Я кивнул, не предлагая руки. Стоял, опираясь на трость, глядя им в глаза.
— Господа. Ситуация ясна? Ваш «Совет» контролирует только стены думы. Город в анархии. Волконские на вокзале разбиты. Наши войска занимают ключевые точки. Мы можем взять думу штурмом за час. — Я сделал паузу, давая словам осесть. — Но крови хватит. И вашей, и нашей. И той, что льется на улицах от мародеров. Я предлагаю иное. Вы распускаете свой вооруженный отряд. Сейчас. Оружие сдается нашим комендантам. Вы, как уважаемые люди, помогаете восстановить порядок в городе: организуете патрули из рабочих для защиты своих кварталов, помогаете открыть пекарни, раздать хлеб. Заводы начинают работать — под охраной моих войск. А вы… — я посмотрел на Степана Игнатьича, — Вы и те, кто хочет порядка, а не хаоса, войдете во Временный городской комитет под моим контролем. Для управления хозяйством. Не для политики. Политика — позже, когда будет мир и законная власть.
Молодой Федоров попытался вскипеть:
— Это капитуляция! Вы предлагаете сдать завоевания революции!
Но Степан Игнатьич грубо одернул его:
— Заткнись, юноша! Какие завоевания? Видишь, что на улицах творится? Революция? Это бардак! Люди гибнут! — Он повернулся ко мне, его голос был тверд: — А власть? Чья власть? Петра Щербатова? Мальчишки?
— Власть порядка, — ответил я жестко. — Власть, которая остановит резню, накормит людей и даст работу. Которая защитит город от Волконских, Долгоруких и… — я посмотрел на Зубова, — от других внешних врагов, которые уже, возможно, здесь. Власть Сибирского Войска. Под знаменем наследника — как символом законности. Выбирайте. Или работа с нами на благо города. Или… — я махнул рукой в сторону молчаливых солдат у думы.
Старый мастер тяжело вздохнул. Он смотрел не на меня, а на грязный снег, на дым над городом, на испуганные лица редких прохожих.
— Ладно, — выдохнул он. — Порядок нужен. Кровь лить — грех. Но… — он поднял глаза, — Без расправ? Без этого вашего Зубова ночью?

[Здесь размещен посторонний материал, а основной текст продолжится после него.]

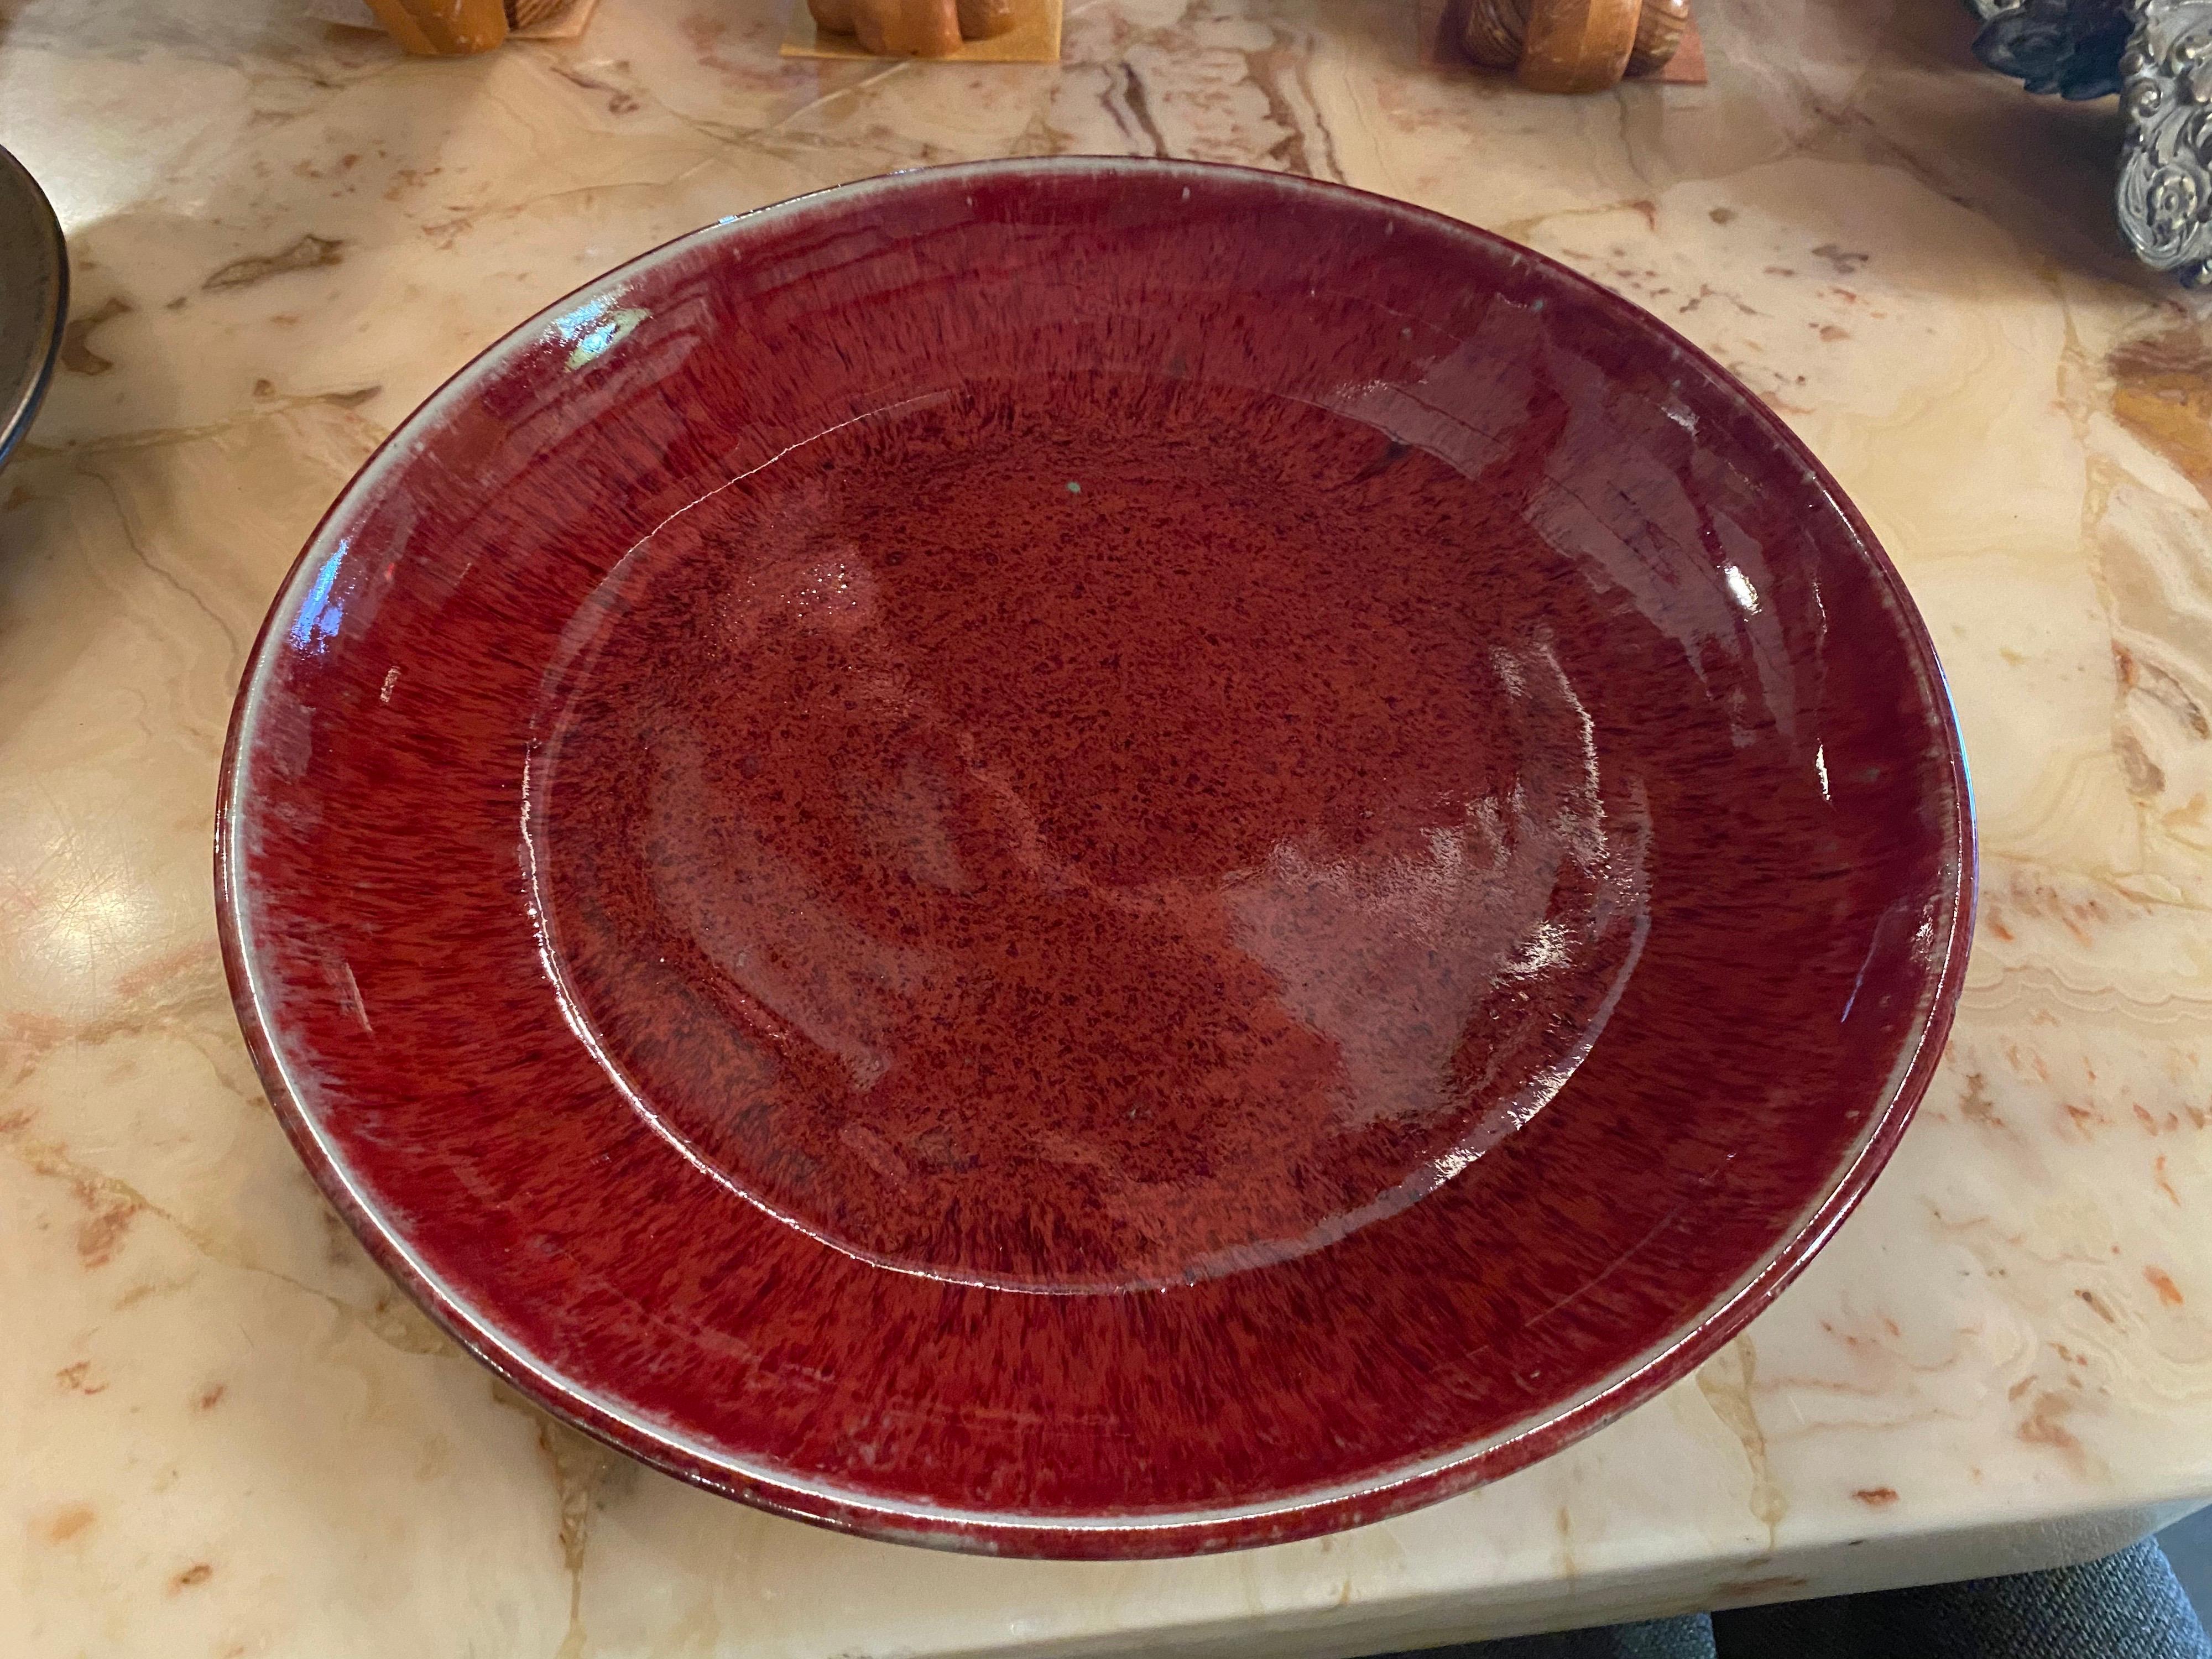 Stunning large mid-century ceramic decorative bowl by Texas Ceramist Harding Black made in 1951 features a beautiful glaze. This vintage ceramic piece is in great overall condition.

— Без необоснованных расправ, — поправил я. — Преступников — мародеров, убийц — будем судить. По законам военного времени. Открыто. Ваши представители могут присутствовать. Агитаторов за смуту — выявим и вышлем. Без расстрелов, если не стреляли первыми. Договорились?
Степан Игнатьич кивнул, словно с него свалили мешок:
— Договорились. Попробуем уговорить Совет. Большинство… большинство просто напуганы. Федоров, пошли.
Они ушли обратно к зданию думы, сопровождаемые взглядами солдат. Процесс был небыстрым. Слышались крики, споры из открытых окон. Но через час красный флаг над думой дрогнул и сполз вниз. Группа «красногвардейцев», нестройная и понурая, стала складывать винтовки в кучу перед зданием под наблюдением моих унтеров. Над думой поднялось сине-бело-зеленое знамя Сибирского Войска. Рядом — скромный флаг города Тюмени. Символично.
К вечеру в городе установилось хрупкое, но ощутимое спокойствие. Патрули — смешанные, из моих солдат и рабочих дружинников — ходили по улицам. Магазины начали открываться. У пекарен выстроились очереди за хлебом, который пекли под охраной. На заводе «Машстрой» загудели паровые гудки — пробный пуск. Зубов докладывал, что допрашивает пленных опричников и тех немногих задержанных мародеров. Агента с южноамериканскими корнями пока не нашли, но Зубов копал.
Я стоял на балконе здания вокзала, отбитого у Волконских. Внизу, на путях, кипела работа: разбирали завалы, чистили пути. Гусев докладывал о минимальных потерях. В городе было тихо. Не мертвой тишиной страха, а усталым затишьем после бури. Пахло дымом, снегом и… хлебом. Свежим хлебом из открытой пекарни напротив.